We all know people who don’t fit the social norms. Maybe you have a girlfriend who cusses like a sailor, farts in public, or picks her nose with zero f’s to give. Perhaps a man in your life reads romance novels and prefers a good rom-com over the latest action film. However, if your goal is to appeal to the masses, you don’t want to venture too far away from those norms. Most people at least toe the line and your characters should reflect that in what they say and do. If you have a very specific audience, make sure you don’t alienate them by doing the opposite of things that caused them to fall in love with that genre or style of writing.
#3. Use your environment.
Are your characters in an area where some privacy is expected? Yes? Then it’s fair game for a good old-fashioned Romp Fest. You may not want to use the term Romp Fest—unless you’re going for a “cute and campy” vibe. Don’t be afraid to use everyday things in a new way. In my book, The Raven’s Call, my leading man, Mitch, takes advantage of his lady's collection of throw pillows by having her hold one between her hands until he locates something to tie them together with. His restraint of choice? Well, let’s just say as a 20-year veteran of the CIA, he’s learned the fine art of using what’s in easy reach. Yes, that scene really exists and no, I’m not making that up. Ok, technically I DID make that up since I’m the author.
#4. Don’t be afraid to go vanilla but consider a twist.

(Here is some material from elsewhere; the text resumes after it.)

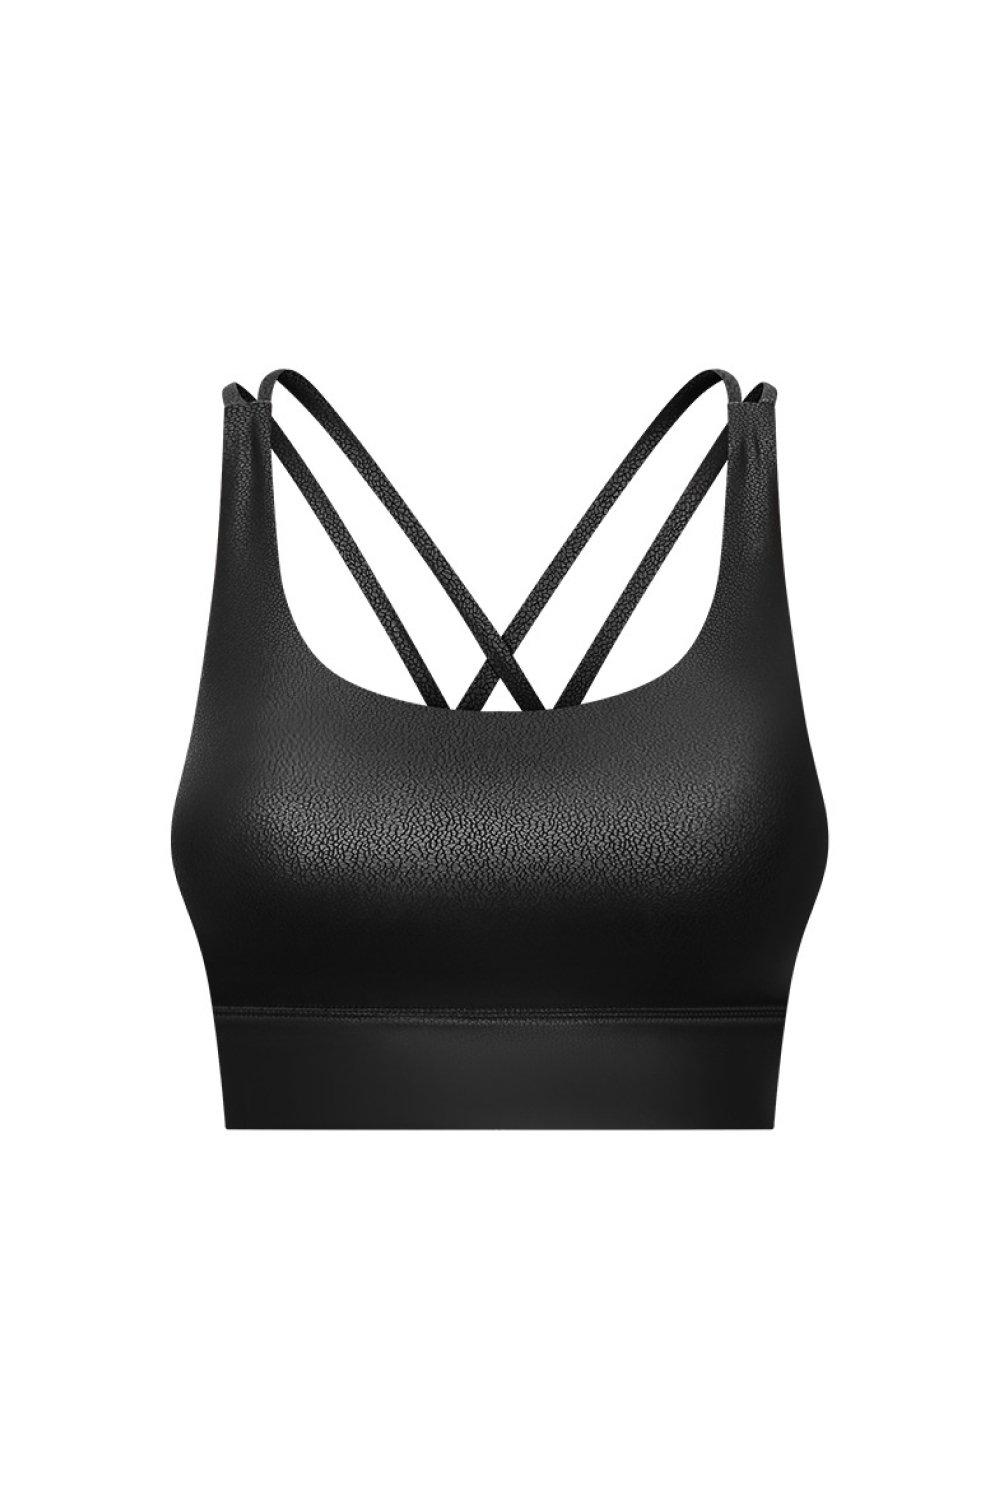 Crisscross Strapy Back Underwear-ACTIVE TOPS (TRENDSI NEED SIZE CHART)-[Adult]-[Female]-Black-4-Blue Zone Planet

I know I said it’s best if you don’t rock the boat on what your readers are expecting, but when it comes to love scenes—you want to make sure you aren’t putting them to sleep. I’m not sure you’re gonna be able to keep the interest of every one of your reader’s because a lot of us have read hundreds—even thousands—of them. As a reader, I’ve been guilty in recent years of skipping completely over the “money scenes.” As a writer though, it’s important to know not every love scene has to be the most creative thing you’ve likely never done. Ok, or would admit you’ve done. This one ties into #3 because one way to spice things up is by making the place where the magic happens be the unique part about it. (In the middle of a lake, anyone? Oh, right—me neither.)
#5. Terminology is important!
The best way to determine how to write about something that can be—let’s face it—a bit awkward to describe, is to figure out the heat level you are comfortable with and your readers will be expecting. Let me start by stating no one wants to see terms like “no-no spot” or “trouser snake.” Just sayin’. But if you blush at words that rhyme with “rock” and “the china,” you can probably knock off Level 4 (Sizzling Hot) and Level 5 (Explicit Heat). If clean, wholesome fun is more your cup of tea, that is perfectly fine. Focus more on hearts and flowers and less on birds and bees. Done. My writing tends to end up in the middle—appendages and orifices will be mentioned, or at least heavily alluded to. I let the nature of my characters determine the exact verbiage, even if I’m squirming uncomfortably while typing it (I’m lookin’ at you, word that rhymes with rock).